Here is a stripped-down list of indicators that will be helpful in determining how many preconceptions the US SME principal will have to overcome:

  1. The principal is not from the realist camp regarding all the time, money and expertise involved in the rep pioneering a new to market product or service into foreign countries
  2. The principal thinks it is okay to ask the pioneering rep to take a cut in commissions even with the full and redundant knowledge that the subsidy/loan from the rep to the principal was a huge financial sacrifice by the rep
  3. The principal fails to understand how pioneering reps, working on pure commissions, tend to spend more of their time looking for additional customers and KOL’s for those US principals that pay the commissions on time, and less time on those who perpetually pay the owed commissions late
  4. The principal is reluctant to give foreign trade leads to the pioneering rep and, in an example of confusion of tasks, even thinks coordinating manufacturing production schedules of the rep’s foreign customer’s purchase order is part of the rep’s job
  5. The principal thinks it normal for a professional rep, with time-obligations to already existing US clients and foreign customers, to not charge a cost-recovery charge for 6 hours of consulting work on the ERRRQ process that could reveal that the principal is not close to being Export-Ready and Rep-Ready
  6. The principal is surprised to learn that the professional rep can dynamically rep the line or service without being in possession of sensitive IP details or business secrets
  7. The principal doesn’t understand that, in an era of specialization, and time allocation, it is the principal’s staff that must be answering technical questions about its own arcane technology while the rep firm does the job of promotion and marketing into foreign markets and triangulating in KOL’s
  8. The principal doesn’t understand that the pioneering rep is advocating for the foreign buyers
  9. The principal lacks a clear understanding of opportunity costs and the assignment of tasks associated with pioneering products abroad and thus conflates its own compensation (salary) with the pioneering rep’s compensation based on pure commission
  10. The principal’s tendency is to treat foreign customers as secondary in importance to domestic customers and to allot time accordingly
  11. The principal doesn’t understand that in pioneering a product line, which definitionally means no upfront market development fees, there are no obligational minimum orders that a pioneering rep must meet in the LOP/LOP contract.
  12. The principal doesn’t understand that one of the Holy Grails of repping, and especially given the high-risk nature of a LOP/LOP contract and foreign markets, is that principals shall not attempt to make the rep’s foreign customers into house accounts.

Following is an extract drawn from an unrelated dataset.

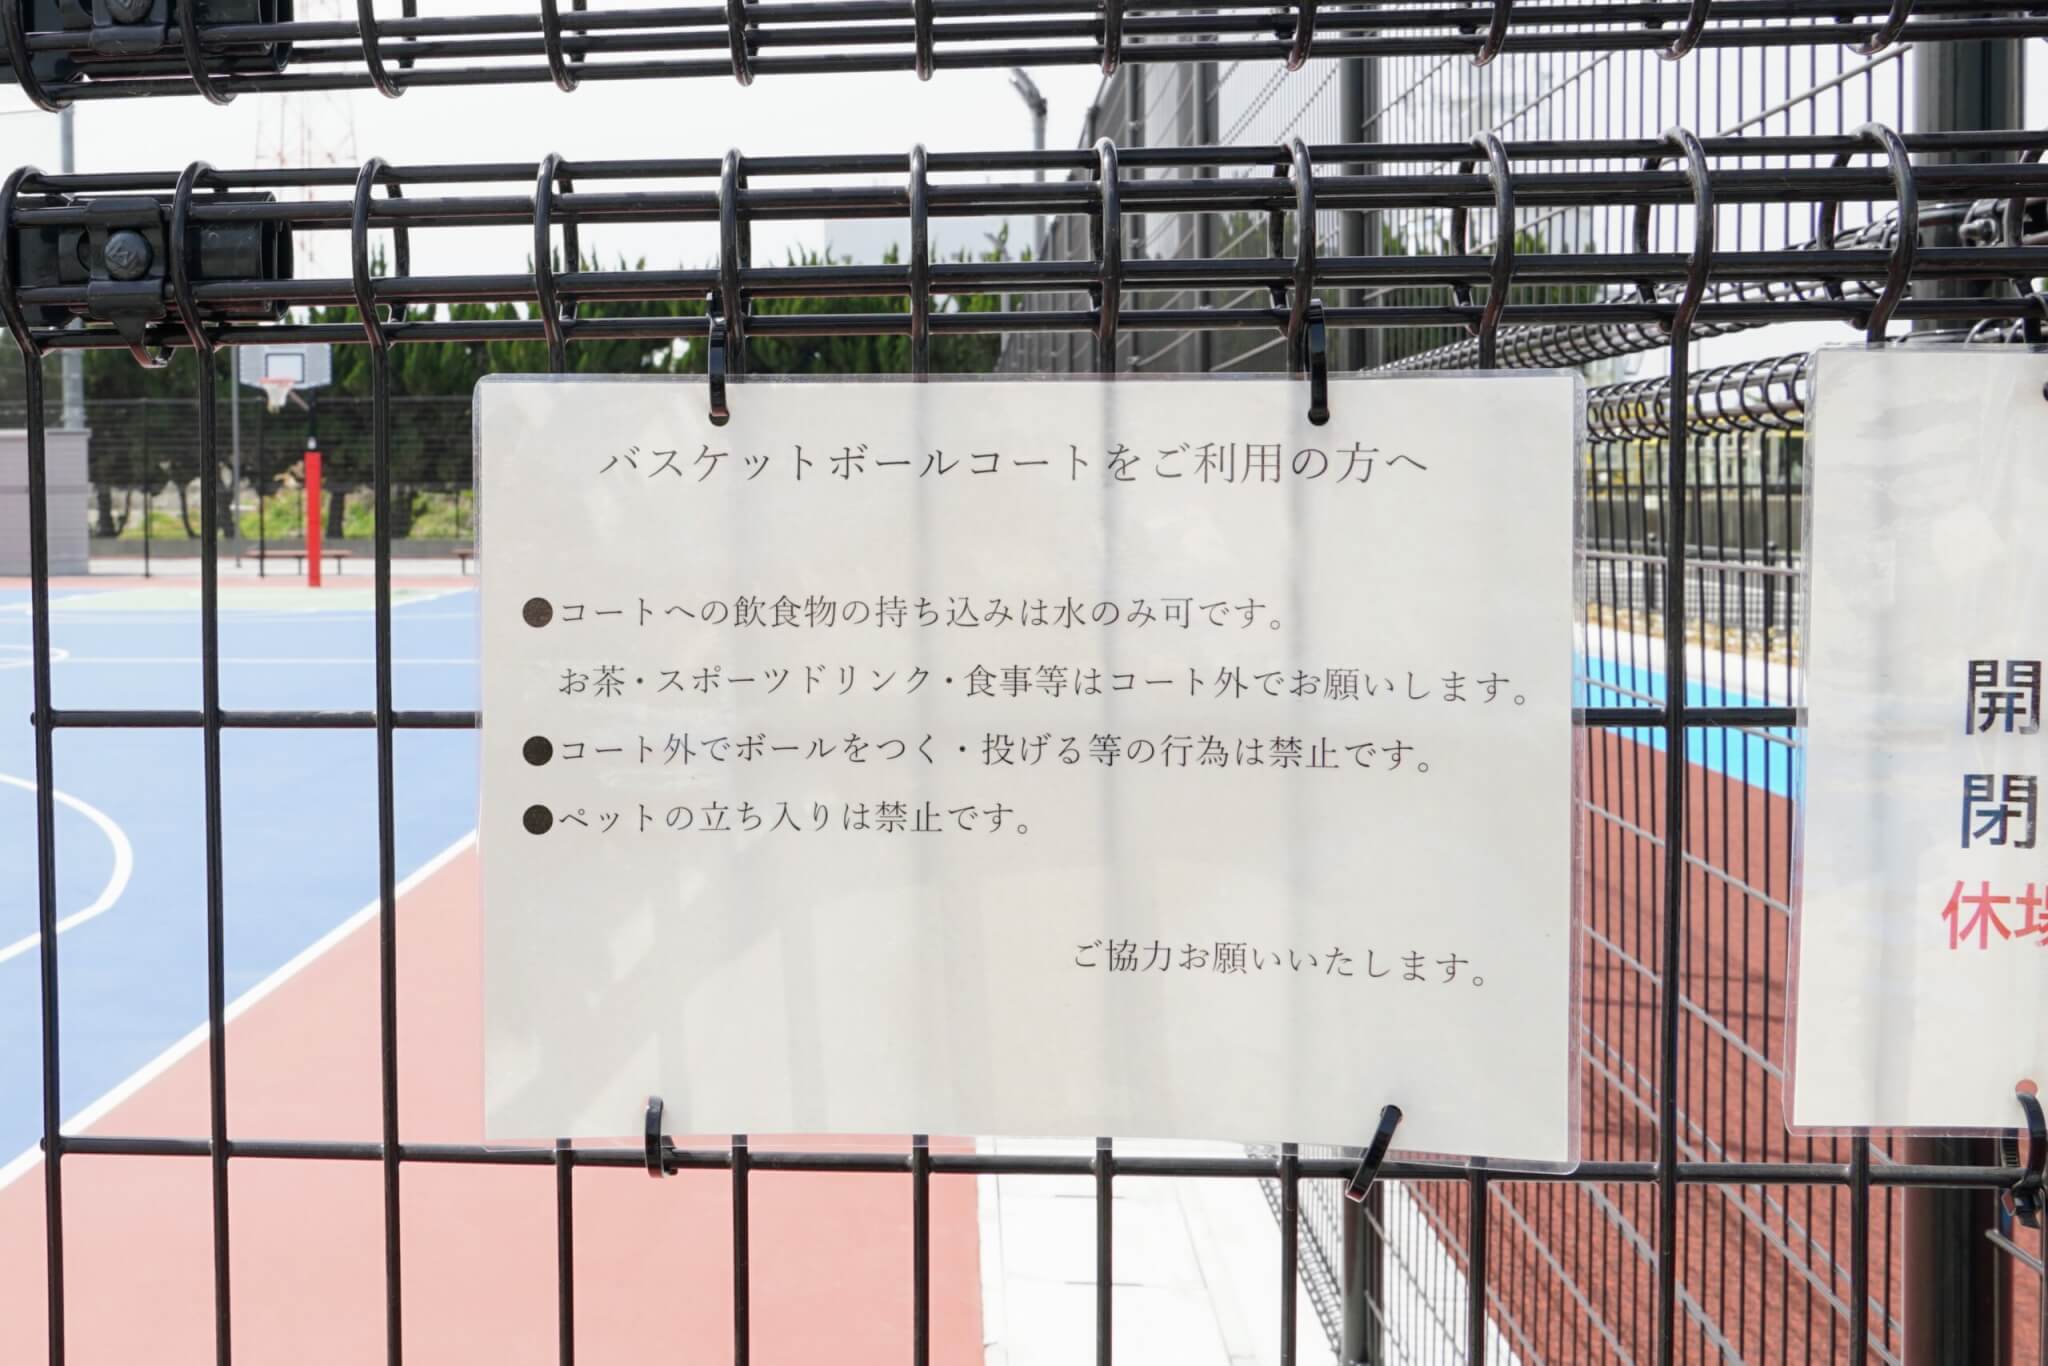 伊保スポーツ広場のバスケットボールコート注意事項

  13. The principal doesn’t understand that world cultures reveals much less than what it hides, and that it is especially proficient in hiding things from its own members – including Americans.
  14. The principal doesn’t understand that the rep has to be firm, straight up and fair without being obsequious to the foreign customers
  15. The principal lacks an awareness of how the rep’s foreign distributors taking on his product around the world increases the overall value of its company, and thus how the US pioneering rep must be remunerated should the principal’s company be sold to another company
  16. The principal thinks production capacity equals Export-Readiness and Rep-Readiness while concurrently having a hard time admitting that they might have something new to learn about professional reps, the pioneering process or new efficiencies in exporting
  17. The principal has a difficult time seeing how the Gartner Hype Cycle applies to their company and their products: http://www.gartner.com/technology/research/methodologies/hype-cycle.jsp
  18. The principal lacks the awareness that international trade is a long game and that a US SME, with no parent company’s financial cushion to fall back on, can be prone to prematurely asking for unrealistic order quantities that usually angers, even sometimes frightens, foreign customers
  19. The principal lacks the awareness that no matter how amazing their product is, if they cannot competently engage with the rep’s foreign customers, those foreign customers will blame the rep thus destroying the rep’s ability to introduce other US principal’s products to the rep’s foreign customer networks
  20. The principal lacks a sense of irony if they choose NOT to do coop advertising with the rep’s foreign principals and then wonder why a relative anonymity continues to surround their respective product(s) along with an infrequency of export repurchase orders from foreign customers
  21. The principal has a hard time grasping the fact that with no market development fees being provided to the pioneering rep, the whole dynamic of the LOP/LOP is its fundamental bassackwardness:the rep is actually subsidizing the principal’s export process
  22. The principal has IP, but does not see the value of clinical studies; the company has a unique technology and/or brand, but does not understand the importance of it being in a category with existing or ascending demand
  23. The principal doesn’t understand that by going to international markets without having to pay salary and benefits to an in-house, Direct Field Sales Employee (DFSE) international specialist, their export-price will be lower
  24. The principal doesn’t understand that while higher export prices might make some products more desirable (a Veblen good), the US SME first has to shred its brand’s international anonymity coupled with years of international market presence
  25. The principal can’t grasp the concept that in lieu of stock, or market development funds, the compensation to the rep in LOP/LOP contract is an equitable and just reward for the rep’s disproportionate sweat and creative equity in pioneering the principal’s product to the rep’s customers into foreign countries.